Isaac Asimov introduced his “Three Laws of Robotics” in his 1942 short story “Runaround.” They are:
- 1. A robot may not injure a human being or, through inaction, allow a human being to come to harm.
- 2. A robot must obey the orders given it by human beings except where such orders would conflict with the First Law.
- 3. A robot must protect its own existence as long as such protection does not conflict with the First or Second Laws.
Many actions of a robot are programmed, and it is difficult to adapt these to new situations. In order to avoid this difficulty, the actions must be learned under the guidance of a human being. The concept of “movement primitives” is based on the assumption that the human brain contains a vocabulary of primitive basic movements that can be combined to represent complex actions. One research focus of the Institute in Karlsruhe is therefore the “dynamic movement primitives.” This way of representing movement makes it possible for robots to learn and represent a demonstrated movement in a generalized and adaptive form. This movement can then be adapted to new situations simply by entering the starting and exit points. Another alternative is to use movement primitives that are based on Hidden Markov Models (HMMs). In order to learn a movement, they extract shared characteristic key points out of several demonstrations. The adaptation and consecutive execution of these key points makes it possible to reproduce the learned movement. All the movement primitives are supplemented by a description of the actions and their context and then saved in a movement library.
The Chair of High-performing Humanoid Technologies (H²T) at the Institute of Anthropomatics and Robotics at the KIT researches and develops humanoid robot technologies and systems that perform many different kinds of tasks in the real world in interaction with human beings. The research focus is on the mechano-informatics of humanoid robots, visually and tactilely supported gripping and mobile manipulation, learning from observation of human beings, the modeling and analysis of human movements, active seeing and tactile palpation, software and hardware architectures, and system integration.

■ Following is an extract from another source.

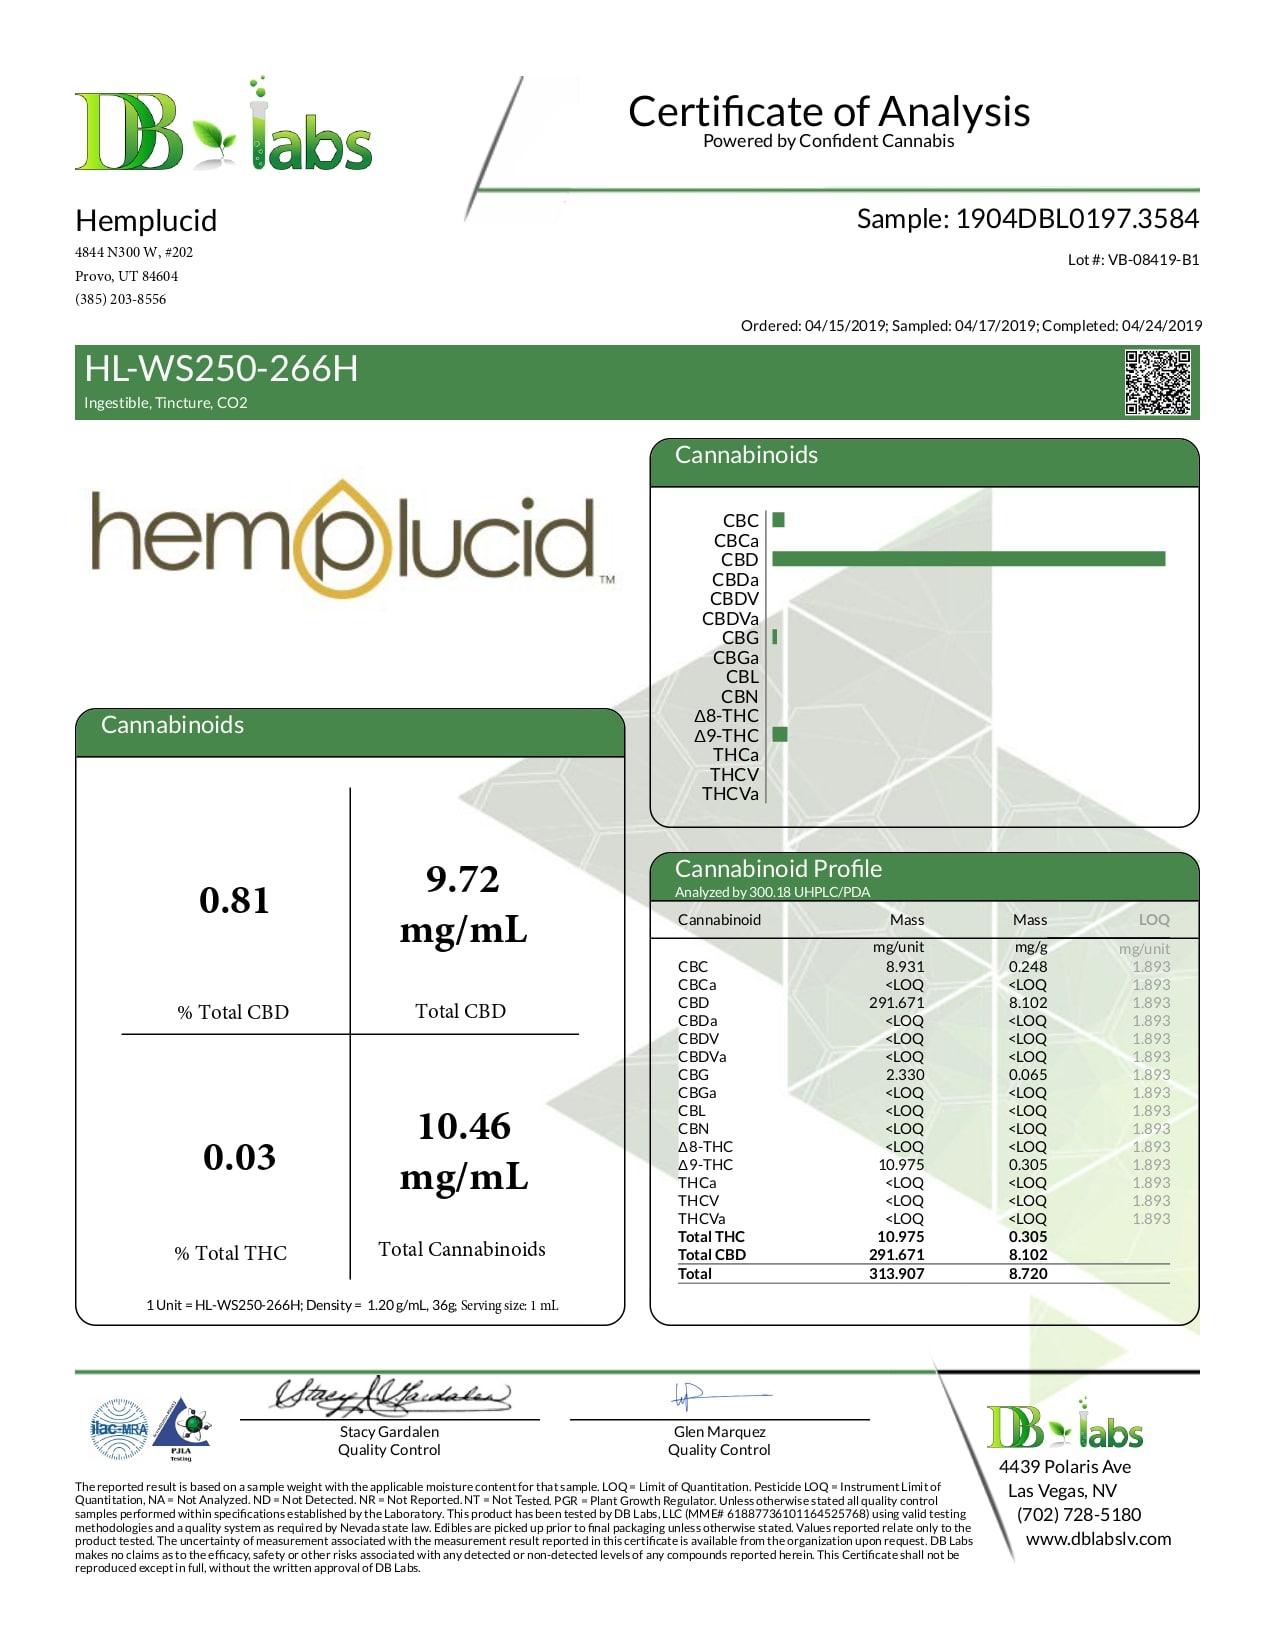 Hemplucid Full Spectrum CBD Water Soluble 250mg Lab Report

The term “uncanny valley” refers to an acceptance gap, or a certain interruption of a viewer’s acceptance of artificial figures, which previously seemed hypothetical and paradoxical. Masahiro Mori, a Japanese robotics scientist, first described this “phenomenon of the uncanny valley” in 1970. Today it refers to a specific phenomenon: the fact that a viewer’s acceptance of a robot’s technically simulated nonverbal behavior depends on the “reality content” of the carrier (robots, avatars etc.). However, this acceptance does not increase in a steady linear fashion together with the figure’s similarity to a human being. Instead, it decreases sharply within a certain range. Human beings find highly abstract, fully artificial figures more appealing and acceptable than figures whose design is extremely natural or extremely similar to human beings. According to this theory, the acceptance decreases suddenly as the result of a certain level of anthropomorphism and only rises again after a certain very high degree of anthropomorphism has been reached. The acceptance would be highest if the imitation could no longer be distinguished at all from a real human being.